Tom Lane [Tue, 11 Sep 2007 16:17:46 +0000 (16:17 +0000)]
Include hash table name in all the internal-error elog messages in
dynahash.c. Sergey Koposov's current open problem shows the possible
usefulness of this, and it doesn't add much code.
Add regression tests for ispell, synonym and thesaurus dictionaries.
Rename synonym.syn.sample and thesaurs.ths.sample to
synonym_sample.syn and thesaurs_sample.ths accordingly to be able to use they
in regression test.
Fix ts_debug function to prevent unneeded calls of ts_lexize().
It will be mush better to reimplement ts_debug in C (instead of SQL as now),
but it's planned for the future.
Refactor from Heikki Linnakangas <heikki@enterprisedb.com>:
* Defined new struct WordEntryPosVector that holds a uint16 length and a
variable size array of WordEntries. This replaces the previous
convention of a variable size uint16 array, with the first element
implying the length. WordEntryPosVector has the same layout in memory,
but is more readable in source code. The POSDATAPTR and POSDATALEN
macros are still used, though it would now be more readable to access
the fields in WordEntryPosVector directly.
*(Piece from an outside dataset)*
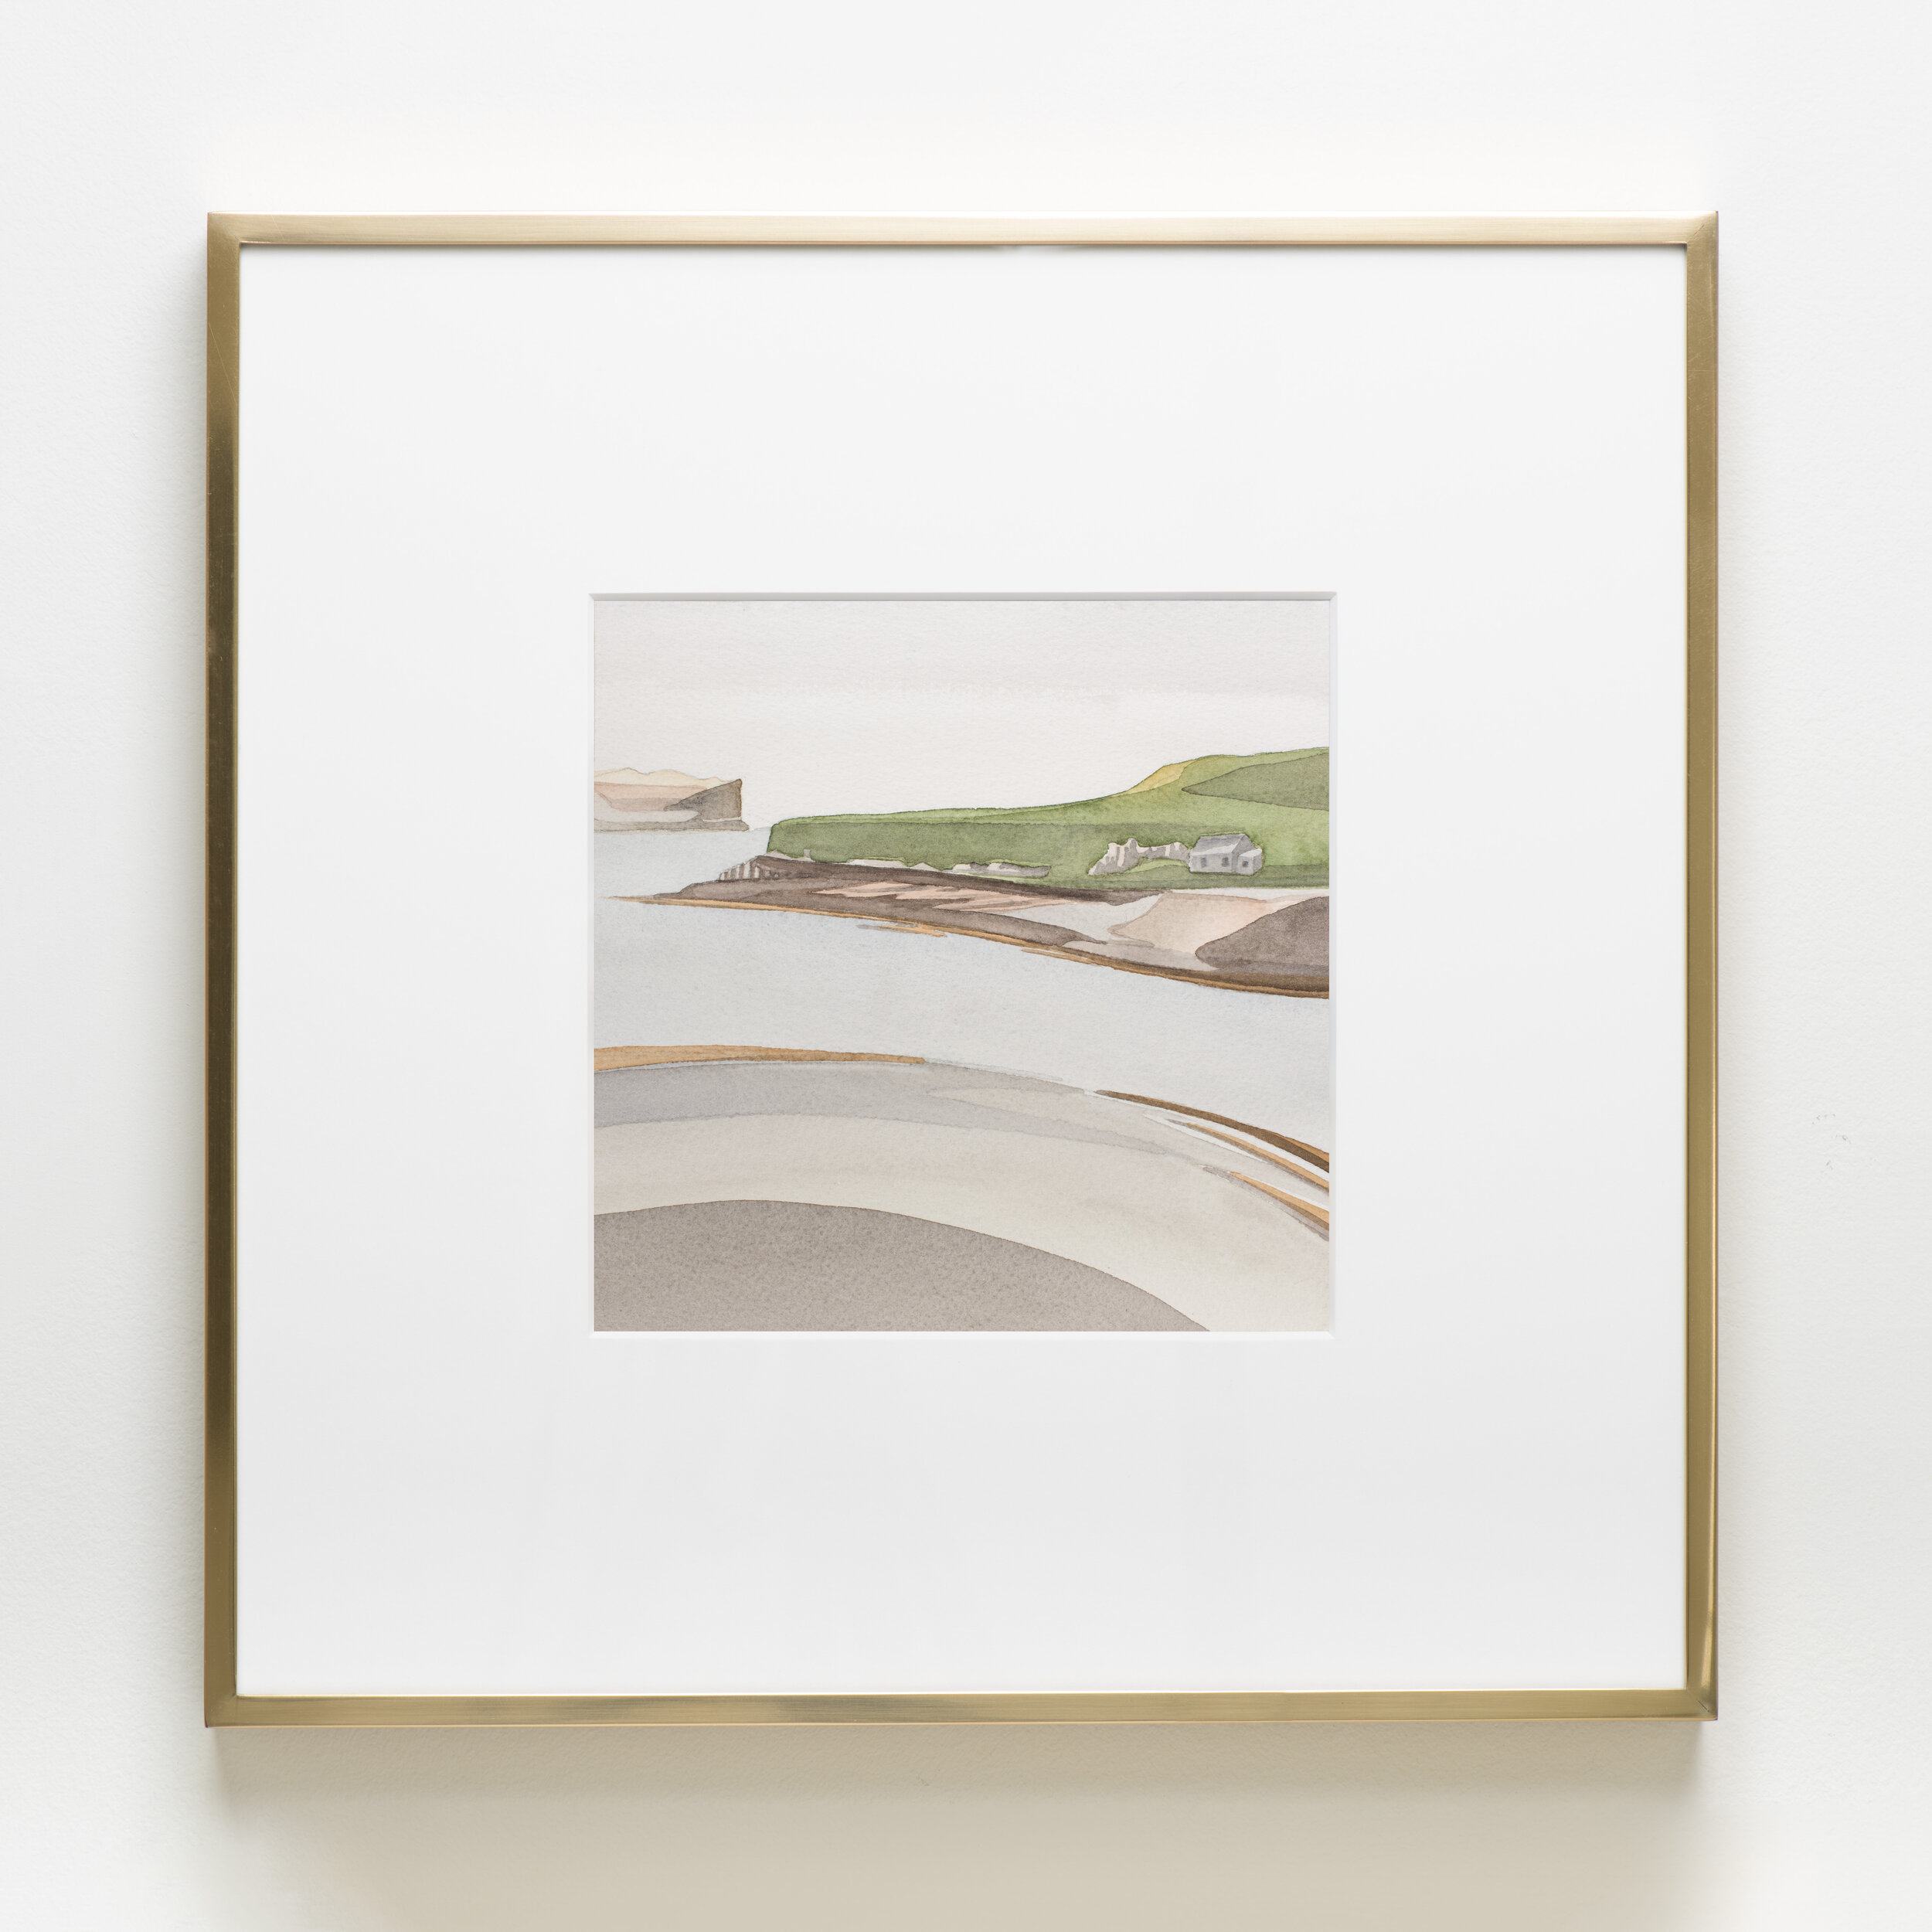   Staffin Island, Isle of Skye , 2019 Watercolor on paper 16 1/4 x 16 1/4 x 1 1/4 inches (framed)

* Removed needfree field from DocRepresentation. It was always set to false.
Tom Lane [Tue, 11 Sep 2007 00:06:42 +0000 (00:06 +0000)]
Arrange for SET LOCAL's effects to persist until the end of the current top
transaction, unless rolled back or overridden by a SET clause for the same
variable attached to a surrounding function call. Per discussion, these
seem the best semantics. Note that this is an INCOMPATIBLE CHANGE: in 8.0
through 8.2, SET LOCAL's effects disappeared at subtransaction commit
(leading to behavior that made little sense at the SQL level).
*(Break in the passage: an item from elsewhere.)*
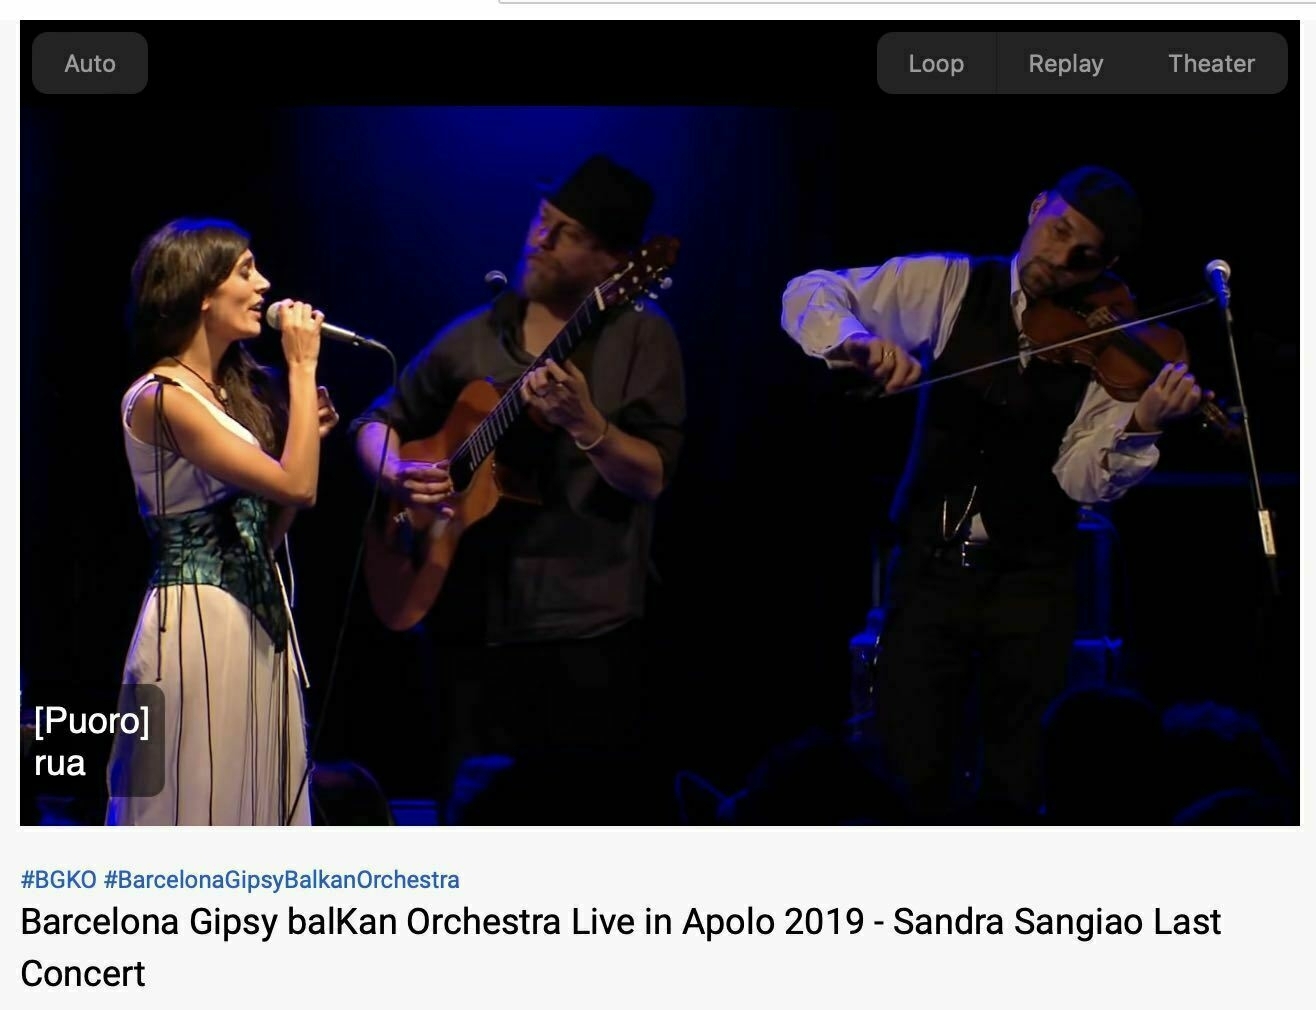 Screenshot showing Sandra Sangiao on stage singing with musicians playing.

I took advantage of the opportunity to rewrite and simplify the GUC variable
save/restore logic a little bit. The old idea of a "tentative" value is gone;
it was a hangover from before we had a stack. Also, we no longer need a stack
entry for every nesting level, but only for those in which a variable's value
actually changed.
Remove the vacuum_delay_point call in count_nondeletable_pages, because we hold
an exclusive lock on the table at this point, which we want to release as soon
as possible. This is called in the phase of lazy vacuum where we truncate the
empty pages at the end of the table.
An alternative solution would be to lower the vacuum delay settings before
starting the truncating phase, but this doesn't work very well in autovacuum
due to the autobalancing code (which can cause other processes to change our
cost delay settings). This case could be considered in the balancing code, but
it is simpler this way.
Fixes from Heikki Linnakangas <heikki@enterprisedb.com>:
Apparently it's a bug I introduced when I refactored spell.c to use the
readline function for reading and recoding the input file. I didn't
notice that some calls to STRNCMP used the non-lowercased version of the
input line.
Tom Lane [Mon, 10 Sep 2007 00:57:22 +0000 (00:57 +0000)]
Code review for GUC revert-values-if-removed-from-postgresql.conf patch;
and in passing, fix some bogosities dating from the custom_variable_classes
patch. Fix guc-file.l to correctly check changes in custom_variable_classes
that are attempted concurrently with additions/removals of custom variables,
and don't allow the new setting to be applied in advance of checking it.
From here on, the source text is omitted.